Member of the Eastern Cape Executive Council for Transport and Safety
- In office May 2009 – 27 November 2010
- Premier: Noxolo Kiviet
- Preceded by: Thobile Mhlahlo (for Safety, Liaison and Human Settlement)
- Succeeded by: Position abolished

Personal details
- Died: 24 November 2017
- Citizenship: South Africa
- Party: African National Congress

= Ghishma Barry =

South African politician

Gloria Ghishma Barry (died 24 November 2017) was a South African politician who represented the African National Congress (ANC) in the Eastern Cape Provincial Legislature. She served as the Eastern Cape's Member of the Executive Council (MEC) for Transport and Safety under Premier Noxolo Kiviet from May 2009 to November 2010. A founding member of the National Union of Metalworkers of South Africa, she was also a former member of the Provincial Executive Committee of the ANC's Eastern Cape branch.

== Early career ==
Barry was one of the founding members of the National Union of Metalworkers of South Africa and served as its Regional Secretary. After the ANC was unbanned in 1990, she joined its interim leadership corps in the Eastern Cape. After the end of apartheid, she was elected to represent the party in the Eastern Cape Provincial Legislature, where she served for a period as Deputy Speaker.

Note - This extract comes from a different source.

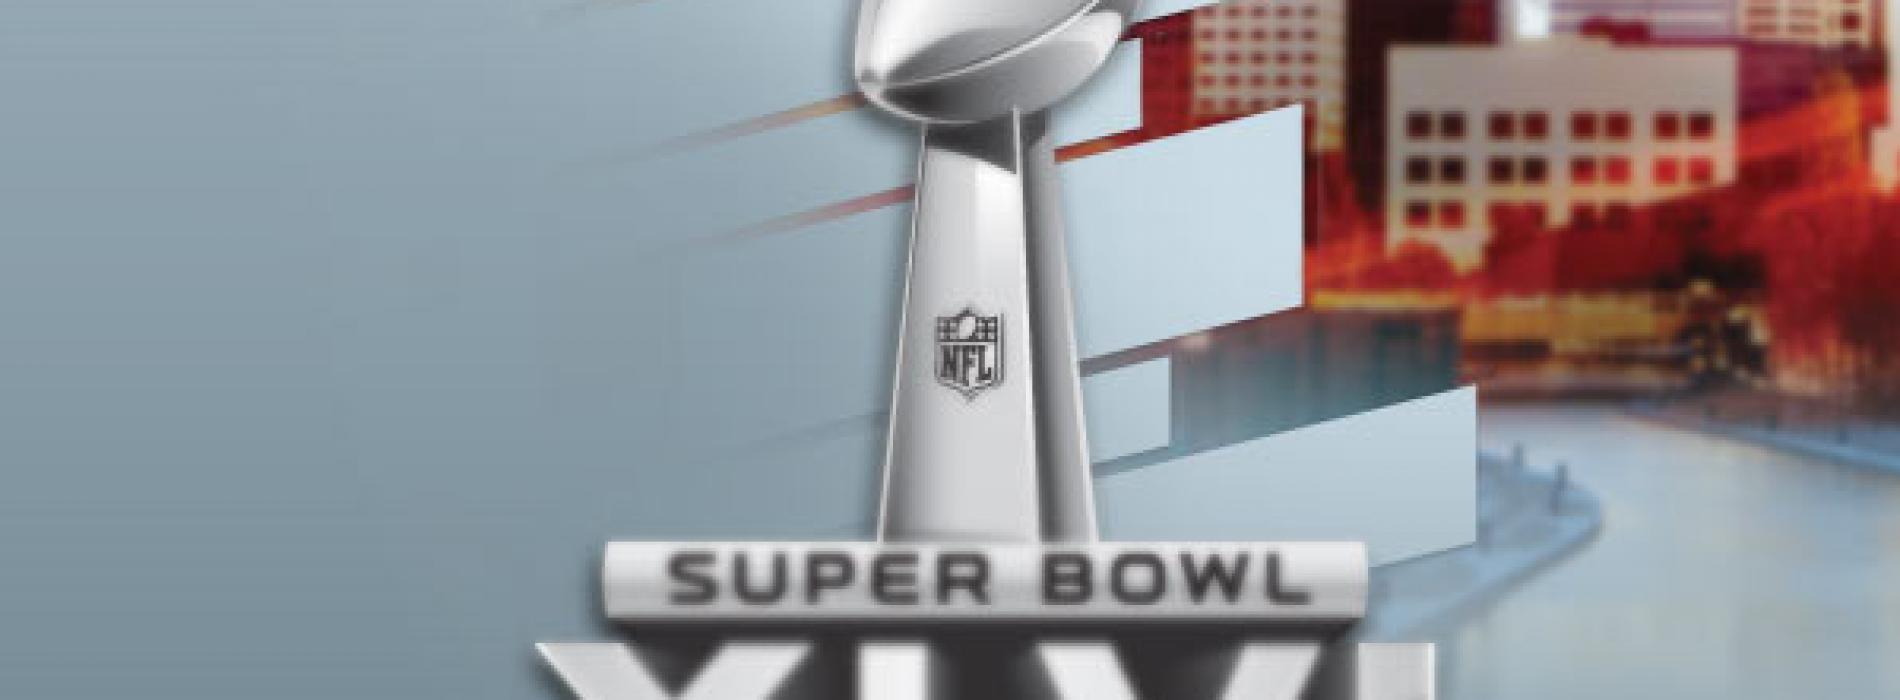 Super Bowl XLVI to be streamed live online, over NFL Mobile app
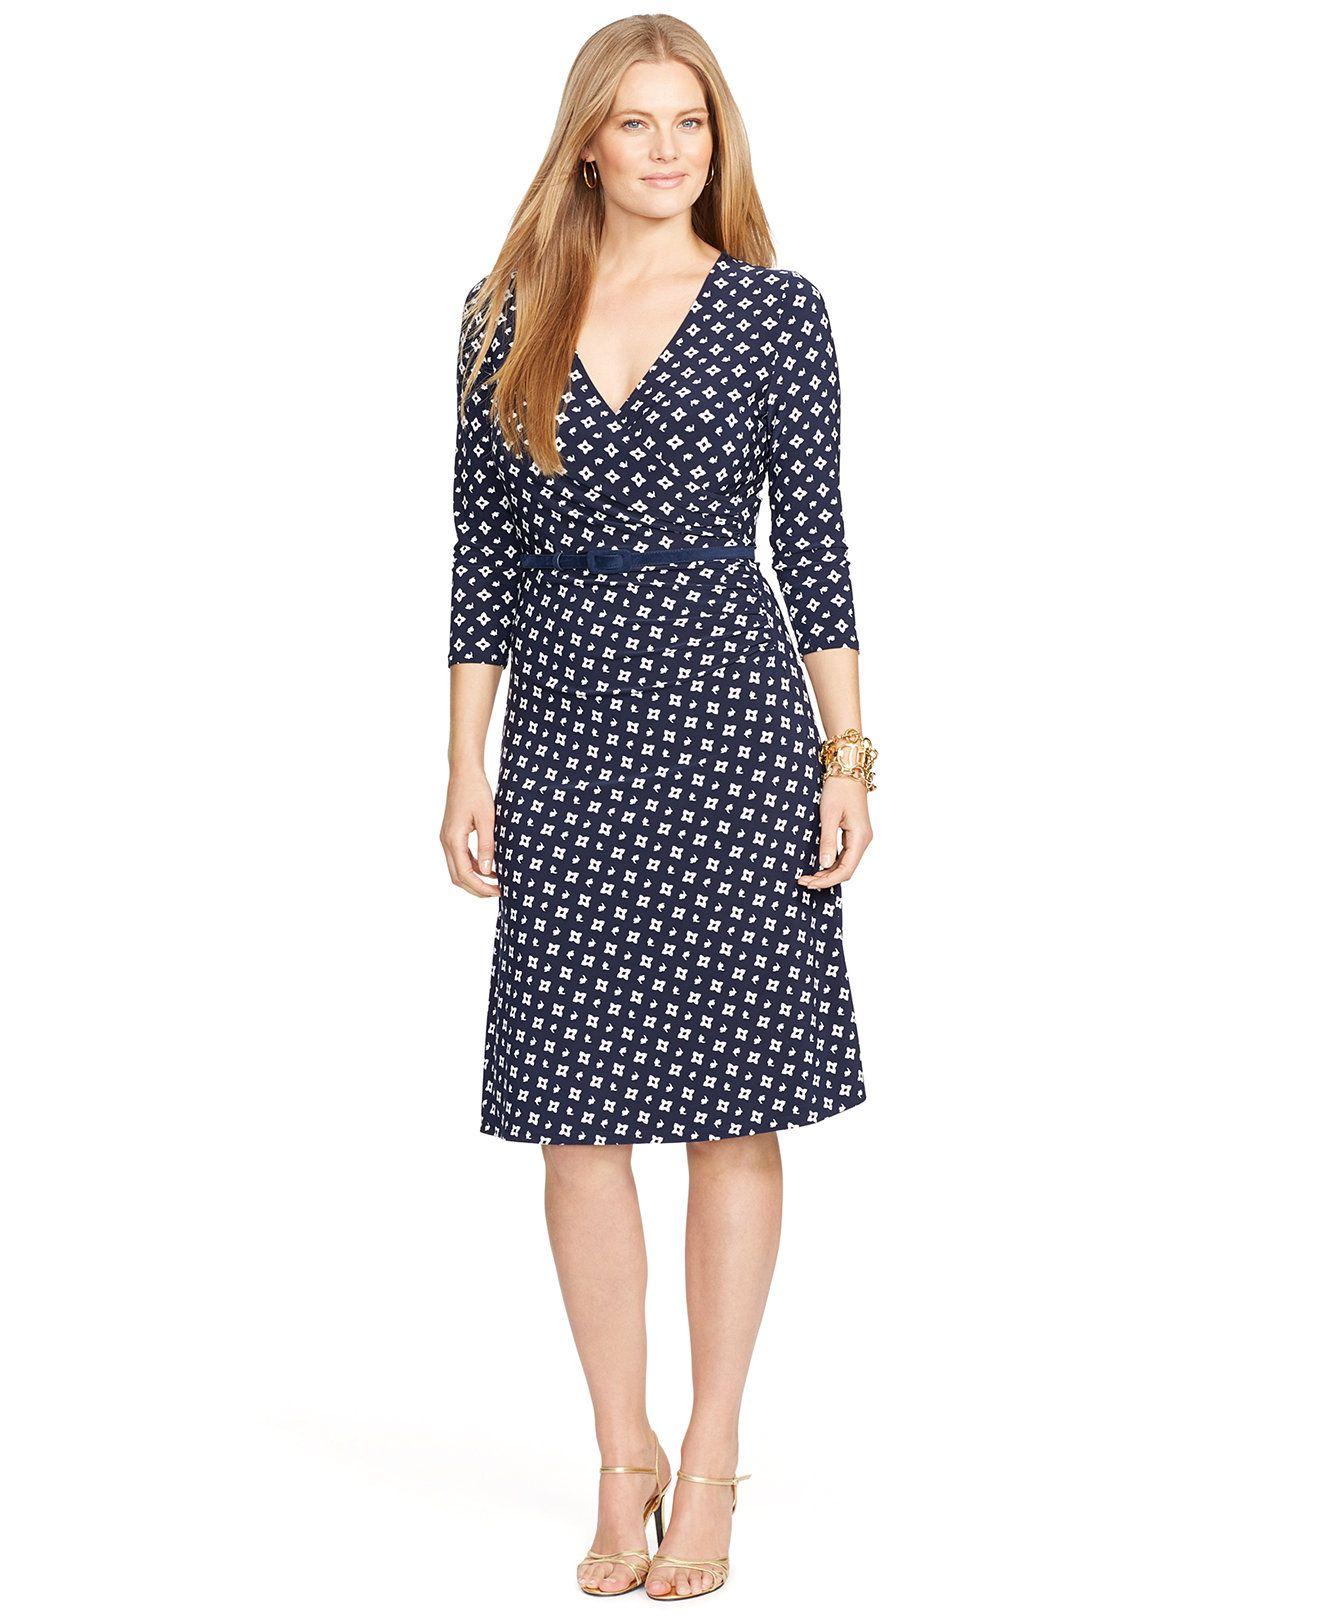 e2c78054ac Lauren Ralph Lauren Plus Size Floral-Print Faux-Wrap Dress - Dresses - Plus  Sizes - Macy s

She also served as a member of the Provincial Executive Committee of the Eastern Cape ANC.

== Executive Council ==
Barry was appointed to the Eastern Cape Executive Council after the 2009 general election, when Premier Noxolo Kiviet named her as MEC for Transport and Safety. Under Barry's leadership, the Department of Transport and Safety completed a R100-million upgrade to the East London Airport and launched a R3-billion ten-year plan for infrastructure investment. However, Barry was in office for less than two years: on 27 November 2010, Kiviet announced a major reshuffle in which she was removed from the Executive Council and her former portfolio was abolished.

== Death ==
Barry died on the morning of 24 November 2017 after a long illness with cancer. She was Muslim and her funeral service was held at Gavin Park Mosque in Port Elizabeth.